ROBOT DAD: How dare y– That is a medical condition!!
I had a really good charcoal fire going and now there’s nothing grillable left in the house.
Pee after storming area 51 or else youll get a ufo
3 just told me he wants all the things pirates have for Christmas, including a real sword and a pirate ship.
Anyone have a good pirate ship guy?
This recipe’s great because you probably have all the ingredients on hand! OK let’s start: grind your caribou horn down til you have half a teaspoon of powder…
I used to think Calculus was confusing, then I read your last tweet.

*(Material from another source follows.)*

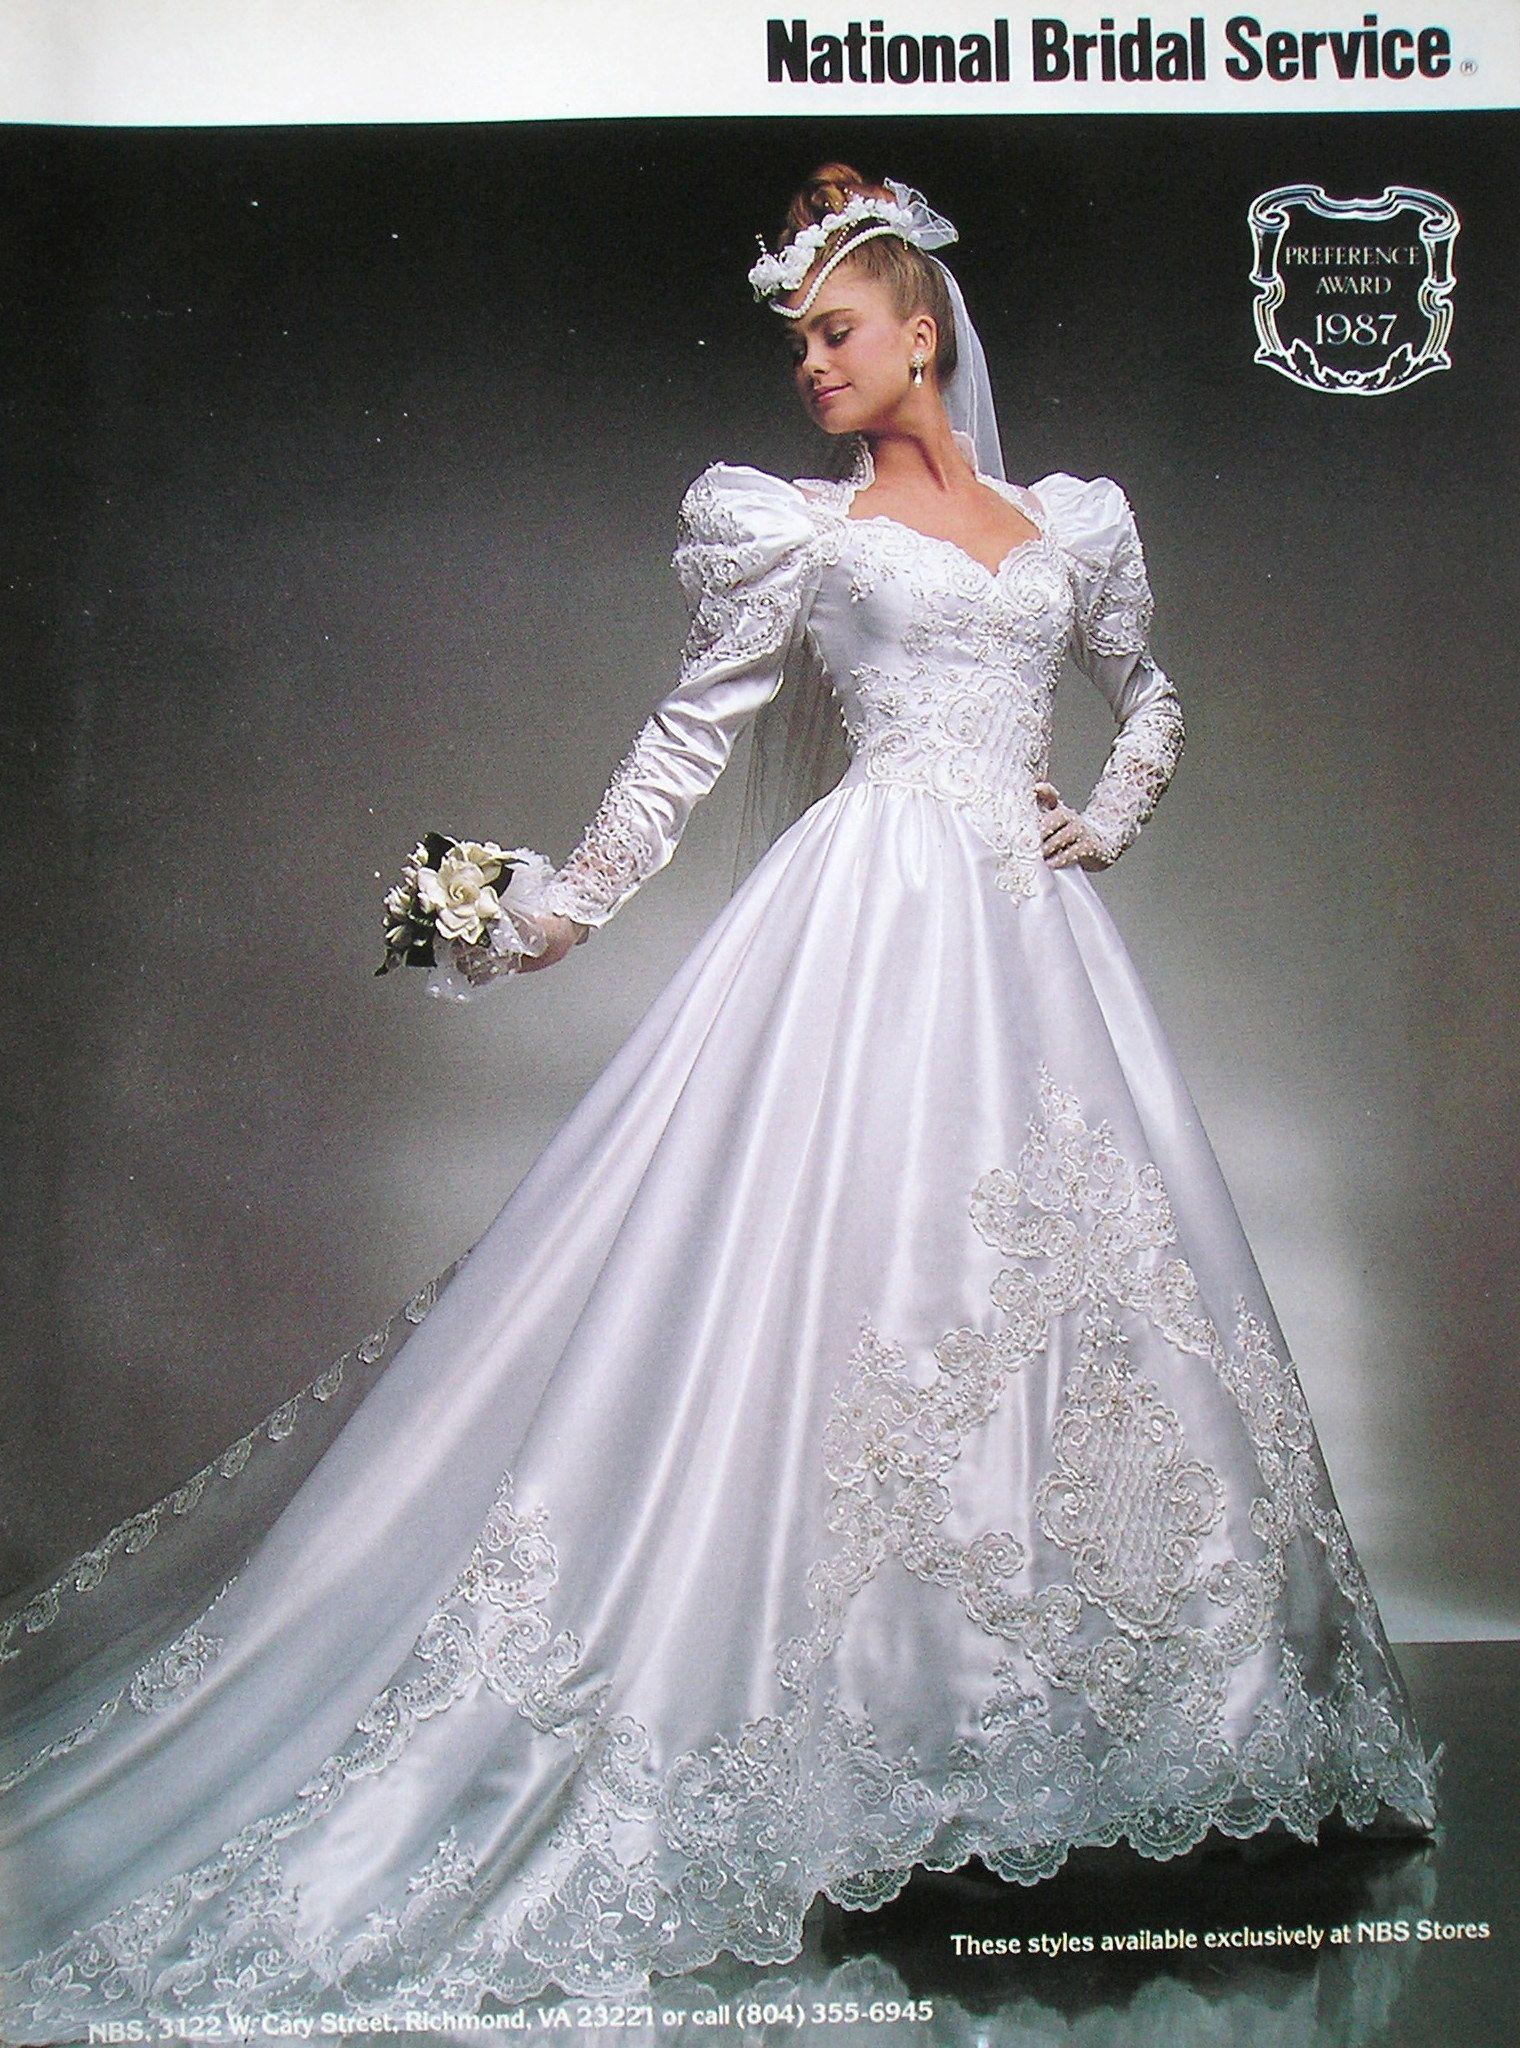 1987 Kathy Ireland (With images) Wedding dresses 80s

I tried counting sheep to get to sleep, but one was missing and now I’m gonna be up all night worrying
Noam Chomsky is a crazy name like you sound hungry as f***
Sorry, package of toilet paper. I’m only making one trip from the car with these grocery bags, so you’re sleeping in the car tonight.
People say ‘bullshit’ like their shit is so high and mighty.

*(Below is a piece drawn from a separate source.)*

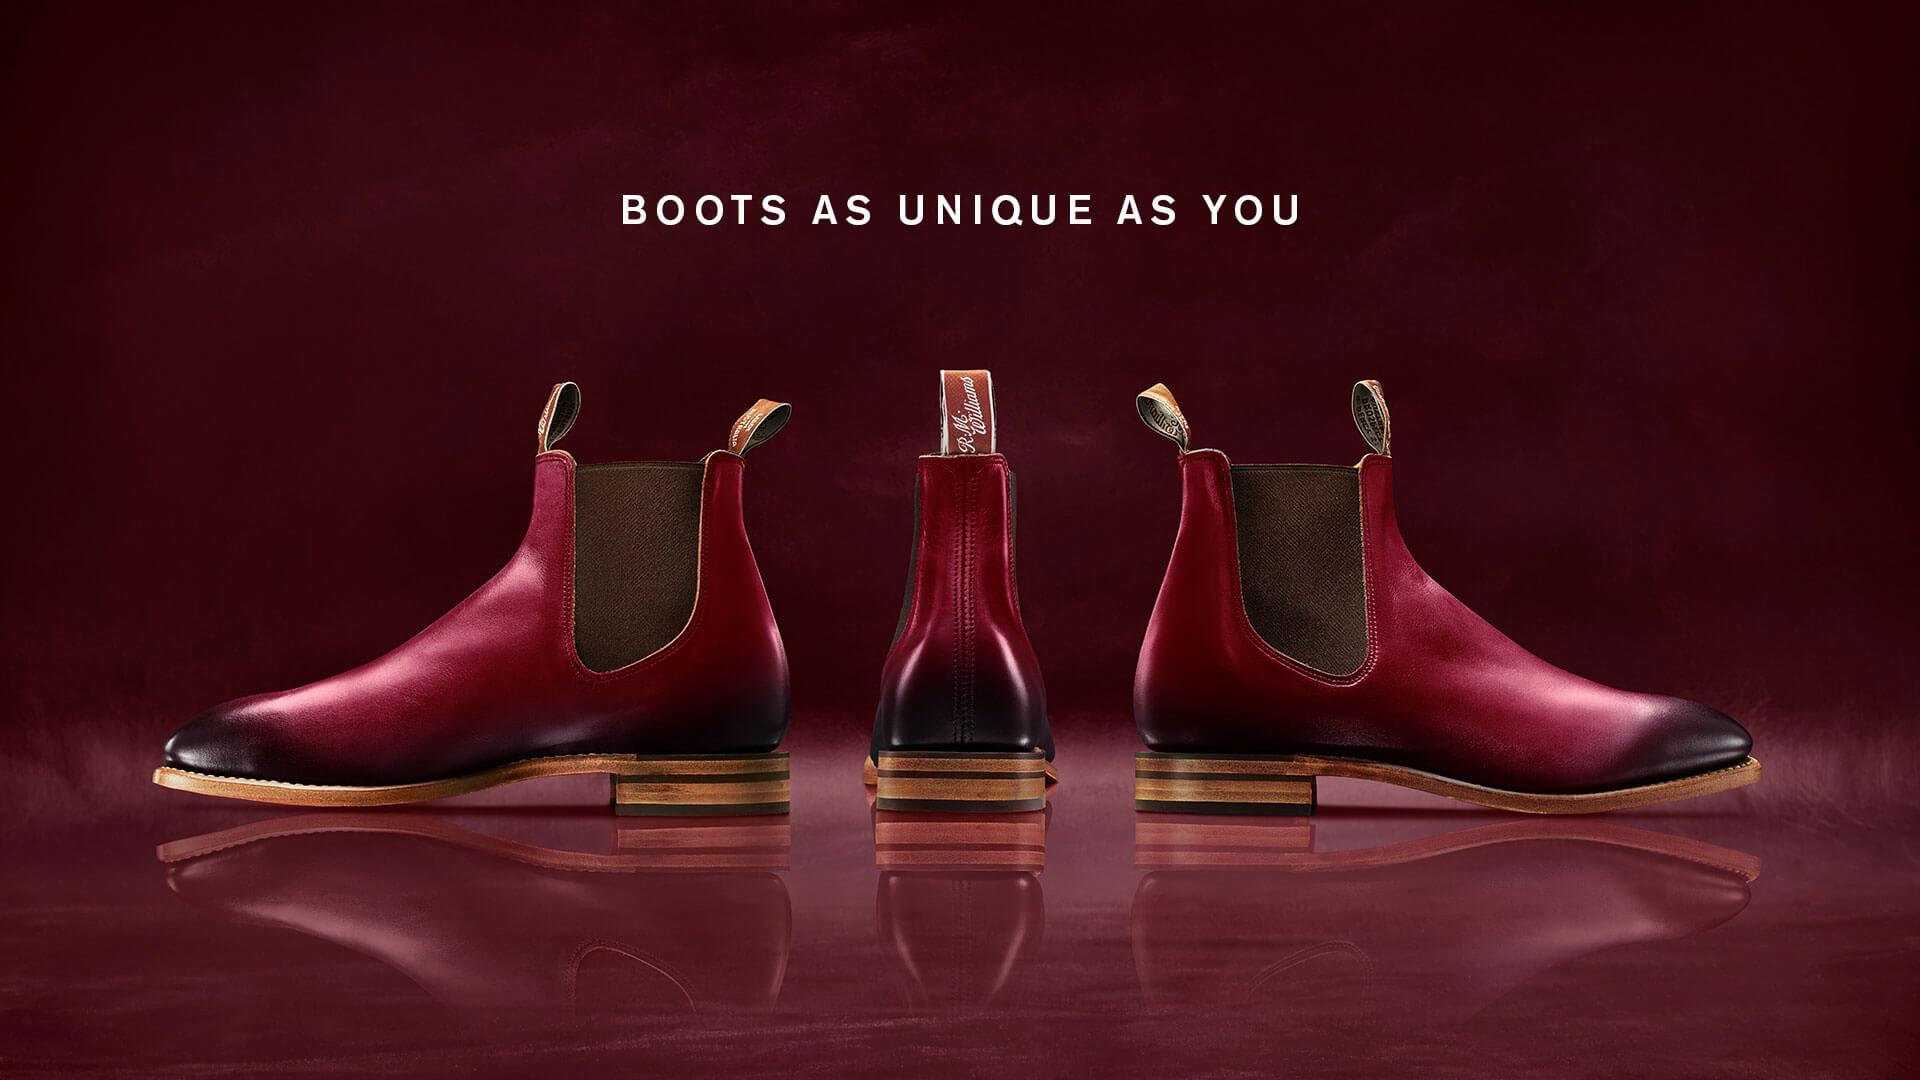 Boots as unique as you
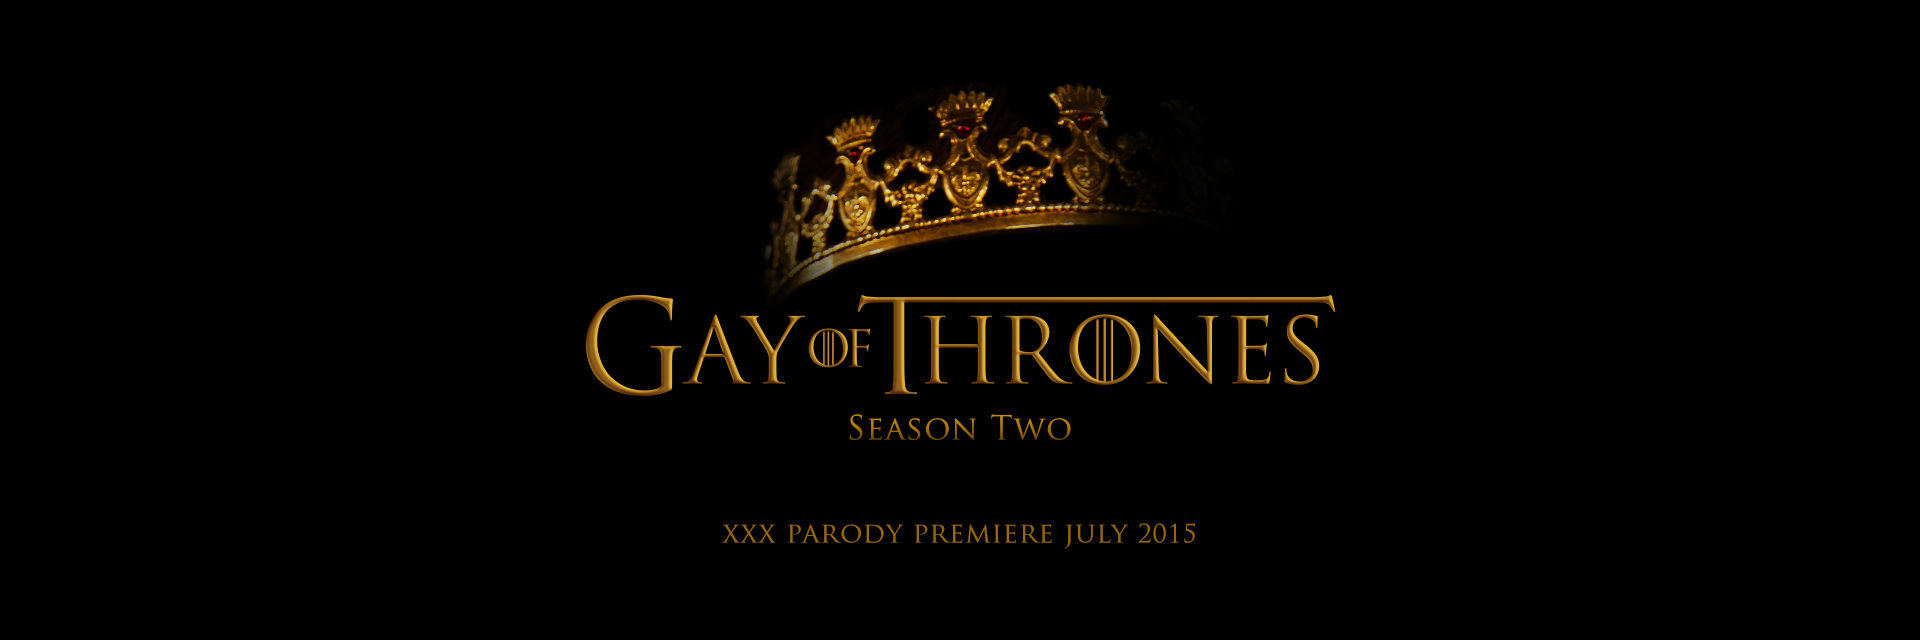 Gay Of Thrones Season Two

Customer: We are never coming back!
Me: Promise?
Your honor let the records indicate my client was upsexy
Judge: what’s upsexy?
[lawyer whispers to defendant] quick, this is your chance
*acts sassy*
*flips hair*
*walks into a wall*
Me: GUESS WHO BOUGHT A MEGAPHONE?
Neighbour: Get out of my house!
Me: You’re not even guessing.
Classic German Shepherd 😂
If you see my account doing wild or out-of-character things, no worries. It’s not me, I routinely rent it out as an Airbnb
What do I look for in a girl? Well she has to be hot. And well-rounded. And cheesy. Extra guac. Wait, wrong list, this is my Chipotle order.